Hell Town RV Park, Episode 28. A Web Serial

Hell Town RV Park

For Those Who Believe in Other Worlds

(a Web Serial)

by Clara Bush

Artwork by Lara Clayton

(for Episode 1 click here)

(Rated Mature for Adult content)

(Last Time on Hell Town, Spooky said to Shayd: 

“I’m going to die, aren’t I? I feel it as sure as I feel you. Have you seen my death?”

“The Avenir prevented me from knowing how you die. They feared I’d intervene. And they are right. I would. They did not even reveal to me the nature of your mission. I only knew there was one and that was the reason they were sending me to you. I found out what it was the same night you did. Trust me enough to know how much I love you. And I will do everything in my power to bring you home safe to Dovie and even old Brodie.”

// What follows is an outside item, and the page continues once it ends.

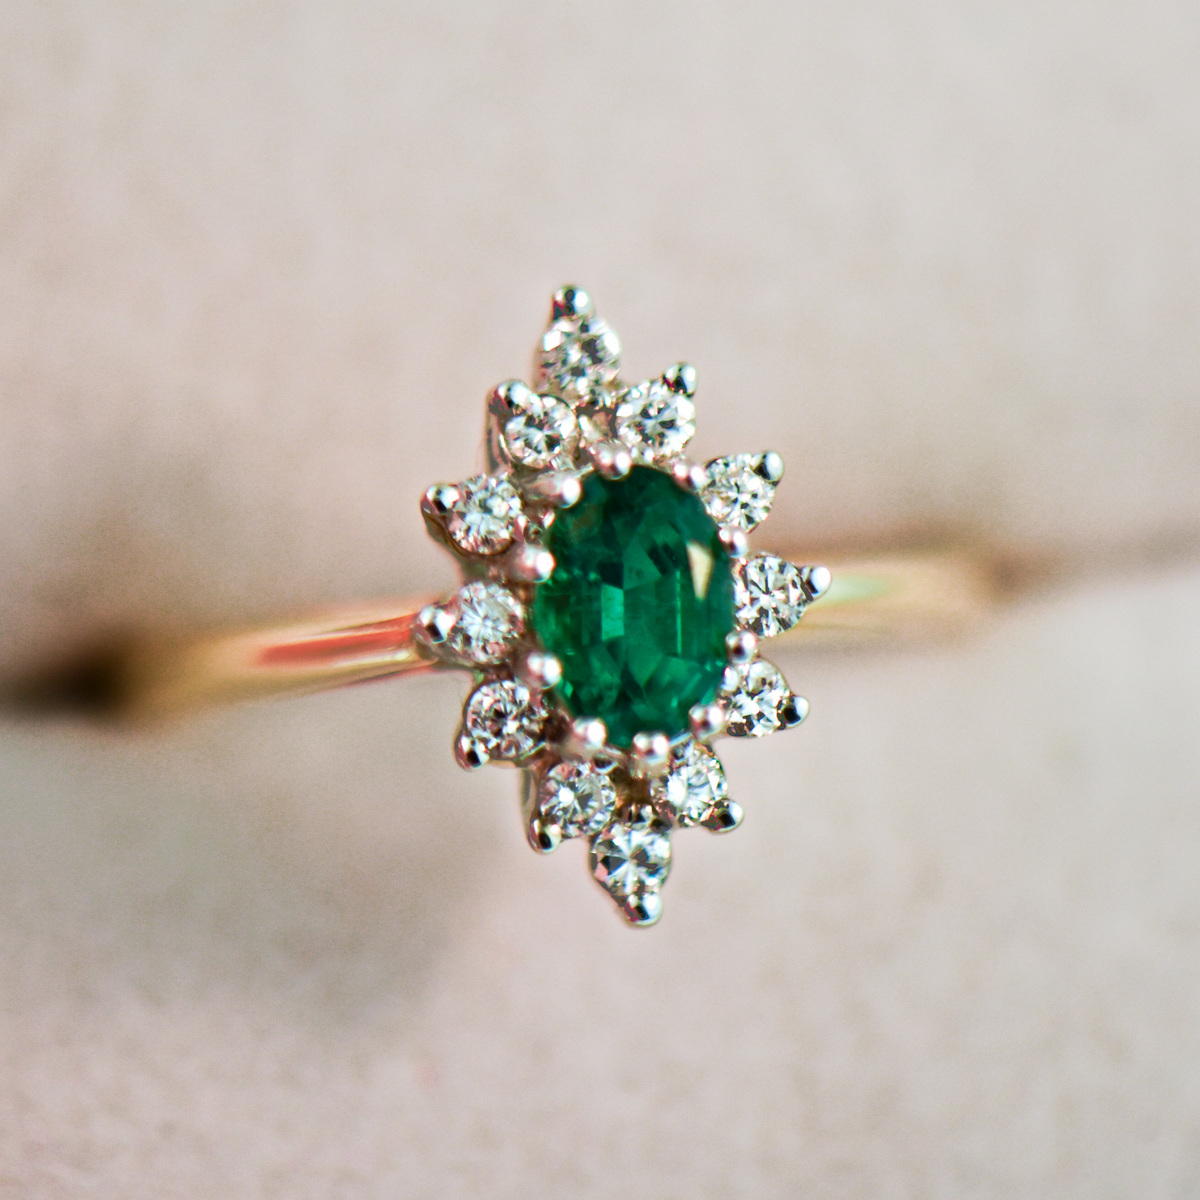 Thalia | Round Emerald and Diamond Ring | King + Curated | Beacon, NY
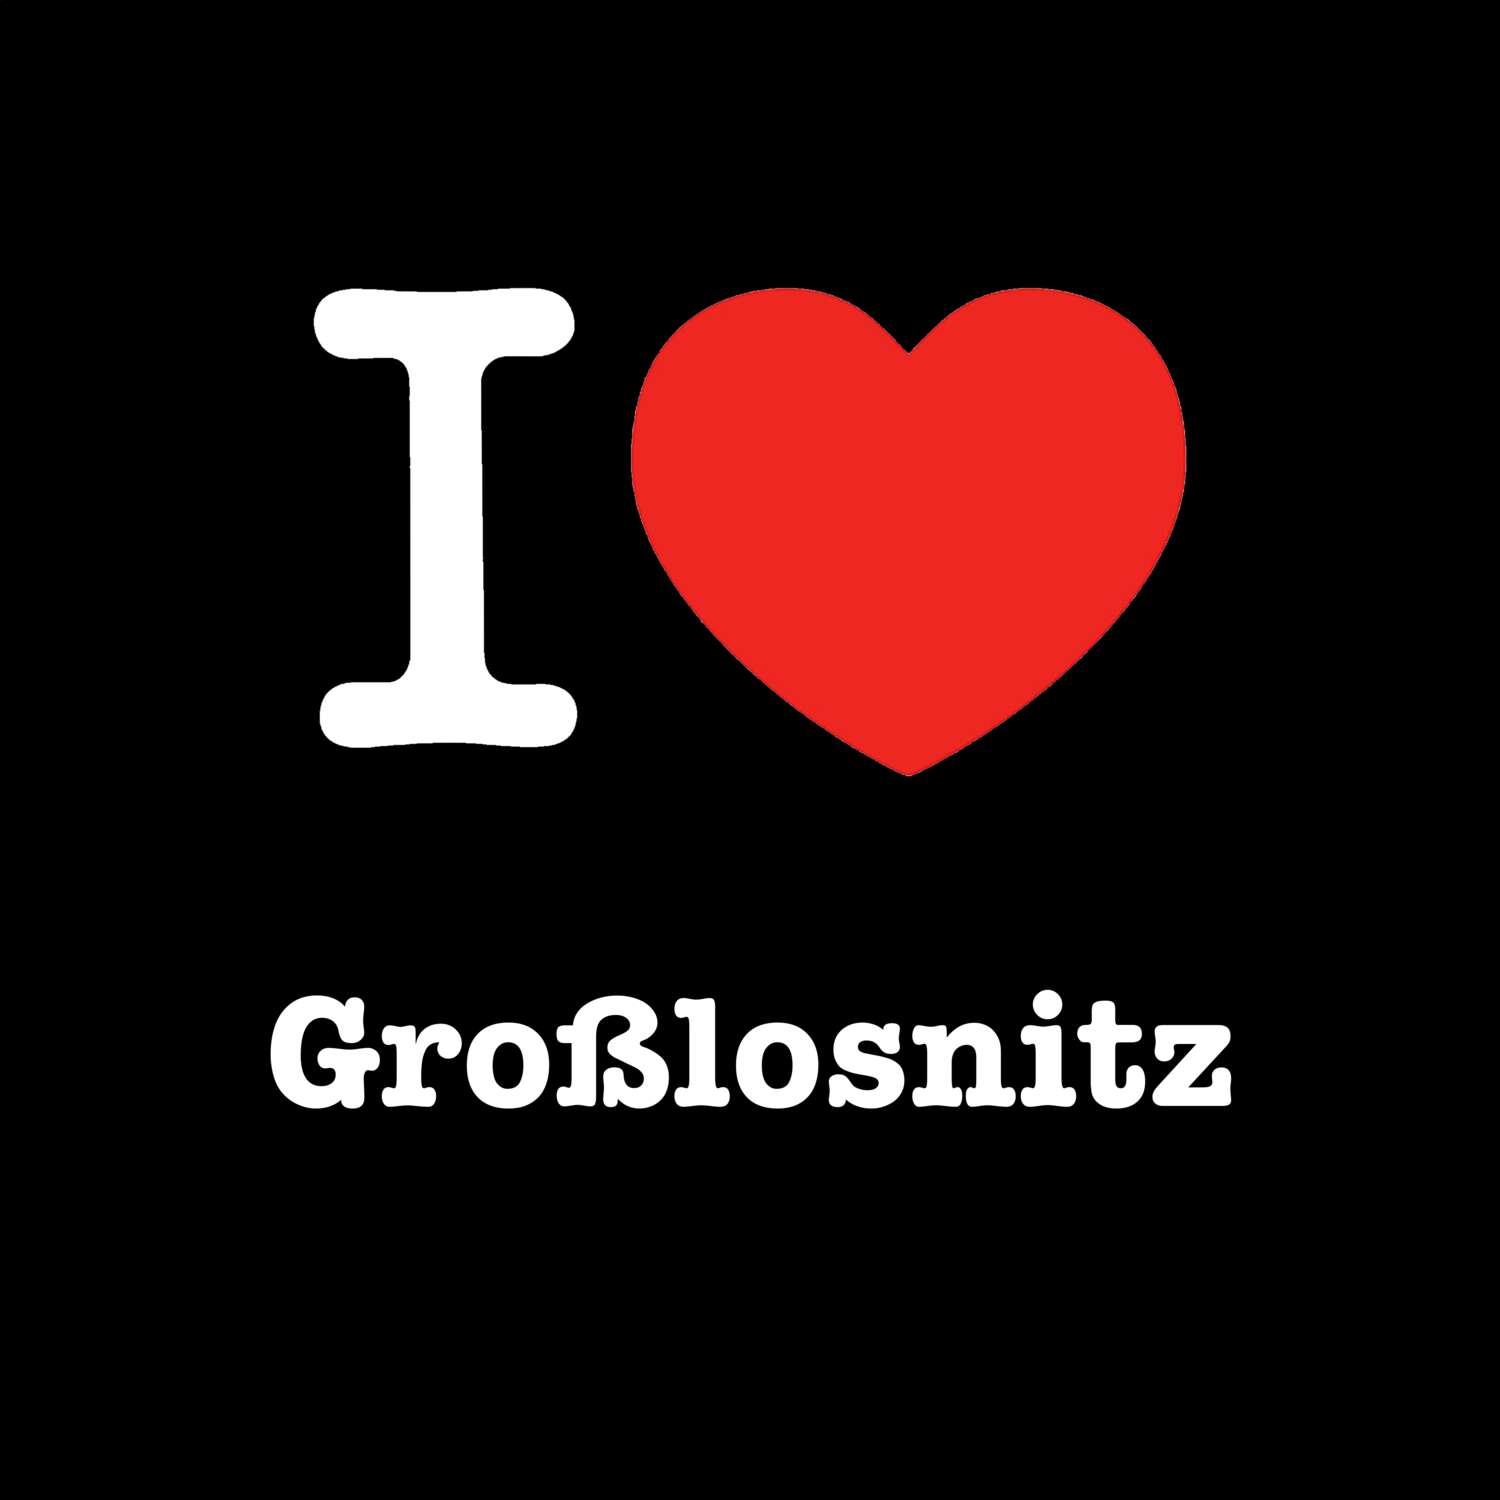 Großlosnitz T-Shirt »I love«

 “I wish I could hold you. Even touch you. Just once. All these years of loving someone intangible has been…” Spooky couldn’t finish. This love affair with Shayd was what? Exquisite? Heartbreaking? Incurable? Wondrous? Yes, all of those plus so much more. She wiped the surge of tears from her eyes with the back of her hand and tried to compose herself, but her shoulders continued to shake from the sobs, and her heaving chest seemed it might split in two. “What happens when we die? Do you know?”

“I do. But if I share this information with you, the Avenir will terminate me. Because…you see…it is a secret my kind have always known. Our mission is too important to risk such a misguided confession.”)


Stranger Earths: Loneliness and Love


Spooky threw herself onto the bed, trying to soothe the broken person she perceived herself to be. All her guilt of being a bad wife and mother poured into her like the weight of a suffocating mudslide.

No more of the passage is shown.